Одной только Яковлевой — Джульетте было подарено здесь движение, которое было для нее так же естественно, как полет для птицы. Да оно и было не человеческим почти, а птичьим. Вот где ломкая интонация актрисы, капризная неожиданность ее пластики получили высшее оправдание — в этой птичьей метафоре. Все вокруг нее, самое большее, вспархивали, она — летала. Переламываясь в талии и свесив вниз руки, она тянулась с балкона к Ромео, она легко и бесстрашно слетала с балкона вниз, одним движением взлетала на возвышение в центре сцены; воздух вокруг как будто роился траекториями ее стремительных перемещений.

Только она одна в этом своем вольном движении страсти измерила пределы дарованной человеку свободы, размеры отпущенного ему пространства — то, что другие только чувствовали, и почти не смели поднять голову. Измерила и, натолкнувшись на непреодолимую стену невозможности, разбилась и погибла. И, только умирая, перестала быть птицей. Умирала она уже без крыльев. «Словно ложась после непомерно тяжелого дня, усталым жестом раздирала на груди одежду, чтоб лезвие вернее поразило грудь»[20].
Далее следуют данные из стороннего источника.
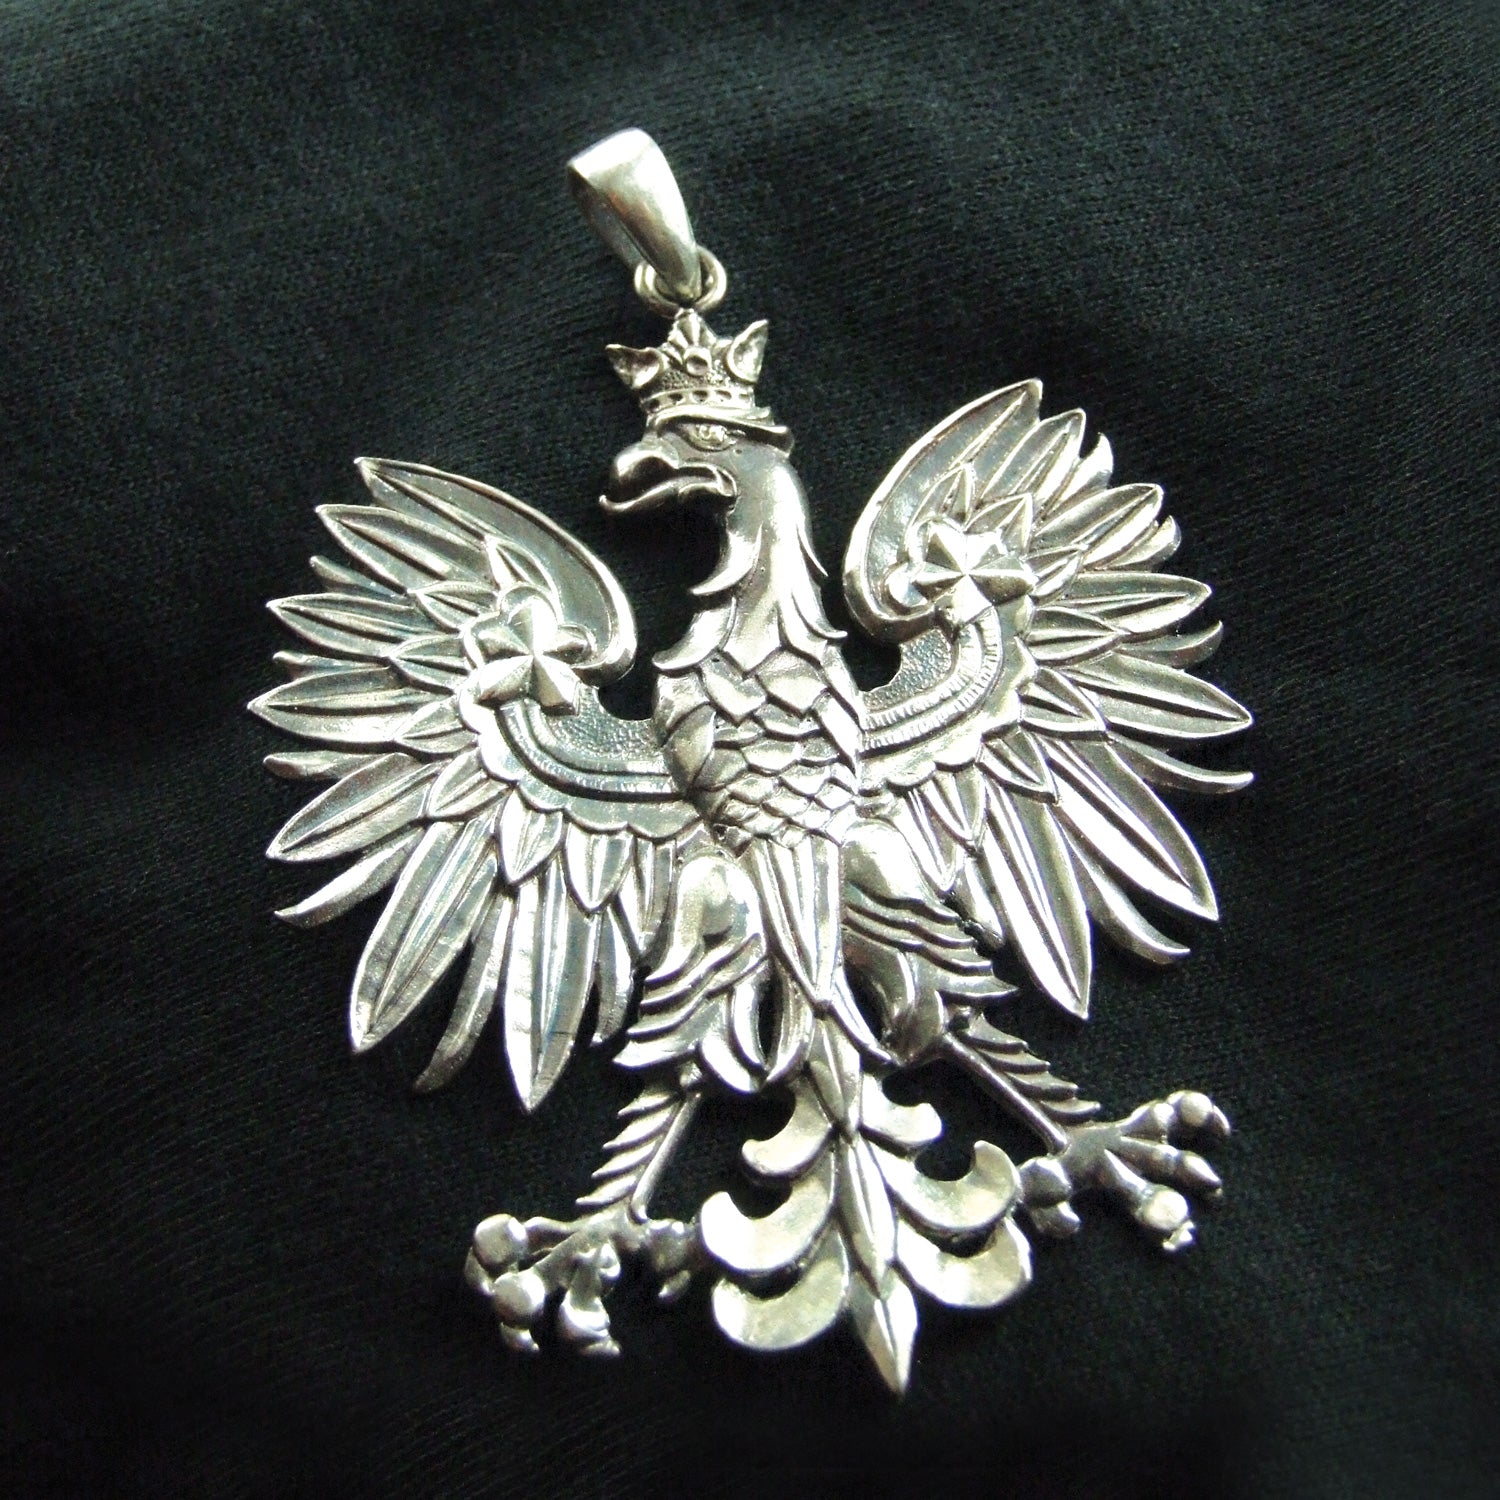 925 proof Silver Polish Eagle Pendant 2.5 inch
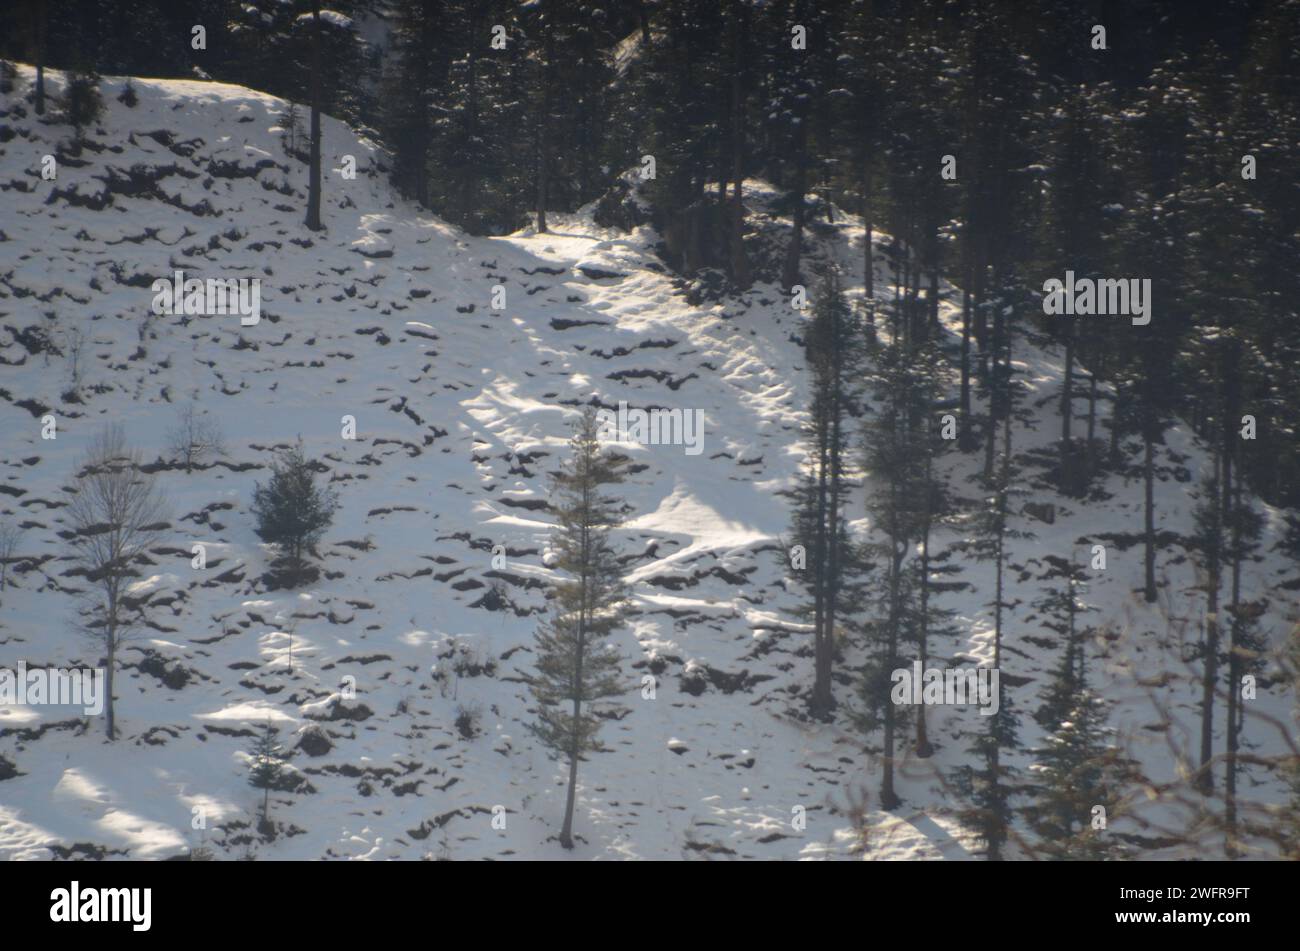 Beautiful clicks after heavy snowfalls in villages, snowfalls images, Stock Photo

Так откатилось назад и вниз и это, самое вольное в спектакле движение, устремленное в высоту. И, откатившись, вписалось в общее безнадежное кружение — в броуново движение, замкнутой в себе, безвыходной жизни, которое предстанет еще нагляднее в более позднем варианте спектакля — в телевизионной постановке. Спектакль «Ромео и Джульетта» был чисто музыкальным решением темы, заявленной «Тремя сестрами», он тоже заключал в себе абрис, контур «самой важной мысли», для выражения которой Эфросу и оказалась нужна классика.

Правда, в следующем спектакле (1971) он попытался вернуться к этой теме на материале современной пьесы, «Человека со стороны» И. Дворецкого, положившего начало так называемой производственной драме 1970-х гг.

Однако у Эфроса эта производственная пьеса вписалась совсем в иной ряд — ряд «Трех сестер», «Ромео и Джульетты», «Дон Жуана», т. е. ряд спектаклей, который определялся проблемой: дано ли человеку вырваться из кружения в целенаправленное движение, из себя — вовне.

В этой производственной пьесе, почти начисто лишенной действия, построенной исключительно на диалоге, ибо действием здесь как раз и является диалог, режиссер словно бы взялся разработать один из этюдов Станиславского, когда актер должен был провести свою роль неподвижно, со связанными руками, только голосом. И в самом деле, руки здесь были связаны — действия не было. Был «разговор», как одна из ипостасей «кружения», и из этого кружения нужно было проложить выход, причем проложить его через разговор же. Вот когда обрело характер объективной необходимости требование Эфроса — «Диалог должен пружинить от смысла»[21]. Именно за «смысл» и бился герой пьесы Чешков, и это нужно было постановщику пьесы Эфросу. И диалог стал у него «пружинить».

Смыслом, то есть «бессмысленностью», «пружинили» доводы антиподов Чешкова, и смыслом-действием — его филиппики. Сцена буквально вибрировала мыслью, причем вибрация эта была достигнута почти несуществующими средствами.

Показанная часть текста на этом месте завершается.